Погорелов уже догадался, что со всяким выходящим из хаты рябоконевцы расправляются. Так и было. Всем, кто выходил из хаты Погорелова, набрасывалась удавка на шею…

Когда Рябоконь остался наедине с Погореловым, спросил его:

— Ну что, Васыль, помогли тебе твои коммунисты? Тебя и тебе подобных подбивают на недоброе дело, чтобы вашими руками сотворить безобразия, а потом вас же и выставят виноватыми… Ведь всякое недоброе дело не остается без возмездия. Неужели надо много ума, чтобы это предвидеть?

— Ну и в той жизни немало было такого, что следовало убрать, — возразил Погорелов.

— Было! Ну так реформируйте жизнь, улучшайте ее, предлагайте, обсуждайте с народом, но вы же заняты его разорением. Вы поддерживаете бунт в душах и умах людей не против несправедливости, а против Бога, то есть против самих основ всякой жизни. Бога-то зачем снизвергаете? Вот и пришел тебе за это суд.

— Василь Федорович, — тихо сказал Погорелов, — но ведь никто не может быть ничьим судьею.

— Интересно получается. Значит, ты уже давно взял на себя право быть моим судьей, прикрываясь демагогией о равенстве, об интересах мира, о воле народа, о торжестве коммунизма, чего люди вообще вразуметь не могут, причем взял это право, не спросивши меня, а теперь, когда я спрашиваю тебя о том, по какому праву ты уже стал судьей надо мною, ты удивляешься и вспоминаешь заповедь Божью, которую до этого отвергал. Интересно. Значит, я не имею права и спросить тебя об этом? Ты распоряжаешься жизнями людскими и моей тоже, как Бог… Вот зачем вы снизвергли Бога — чтобы совершать немыслимое и невозможное — самим взять на себя его дело. Но человеку это не дано.

— Но ты, Василий Федорович, по какому праву мне судья?
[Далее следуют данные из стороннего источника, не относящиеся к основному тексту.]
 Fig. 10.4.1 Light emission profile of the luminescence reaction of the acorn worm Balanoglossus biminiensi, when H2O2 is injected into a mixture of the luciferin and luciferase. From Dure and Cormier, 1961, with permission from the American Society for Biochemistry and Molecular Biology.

— Ты спрашиваешь, по какому праву? Я это делаю по вашей и по твоей воле, что же ты удивляешься? Или не предвидел этого? Вы отвергли Бога и тем самым устранили Божий суд, какой только и может быть меж людьми и над людьми, предоставив вершить суд каждому: тебе, Малкину, Фурсе, Вдовиченко — всем, в том числе, между прочим, и мне. По вашей логике, конечно, которая, к сожалению, торжествует. Или меня вы из этого исключили, обо мне забыли? Предоставили быть судьями только себе самим? В том числе и надо мной. И по какому праву? Вы это сделали, а не я. Вы нарушили закон, на котором держится жизнь человеческая и вне которого человек превращается в зверя, в скотину. Вы развязали самые низкие страсти, и человек сжег себя в эгоизме. Так что же ты теперь удивляешься? Разве то, что делаю я, не следует из того, что уже сделал ты? Так кто же из нас бандит? Вы сделали это беззаконие, это безобразие в народе или я, противящийся ему? А теперь, когда это беззаконие совершено, когда мир пошатнулся и накренился, когда земля наша лежит во зле, вы ловите меня на неизбежных и пустяшных, в сравнении с вашими делами, следствиях этого беззакония и кричите, что я бандит. Ловко удумали! Получается так, что преступление в масштабах страны над всем народом вроде бы и не преступление, а политика. Мой же налет на Новони-колаевку за спичками, солью и барахлом, видите ли, разбой… Да, разбой! Но что он в сравнении с тем разбоем, с тем погромом страны, который уже сотворили и творите вы… И вы хотите свой разбой выставить благородством. Сколько вчера людей расстреляли в Славянской?

— Девять.

— Вот видишь, жизнями человеческими распоряжаетесь как Боги. И еще спрашиваешь, кто дал мне право на мой суд. Ты дал мне это право. Дал тем, что участвуешь в беззаконии, тем, что уже судишь меня, не имея на то права.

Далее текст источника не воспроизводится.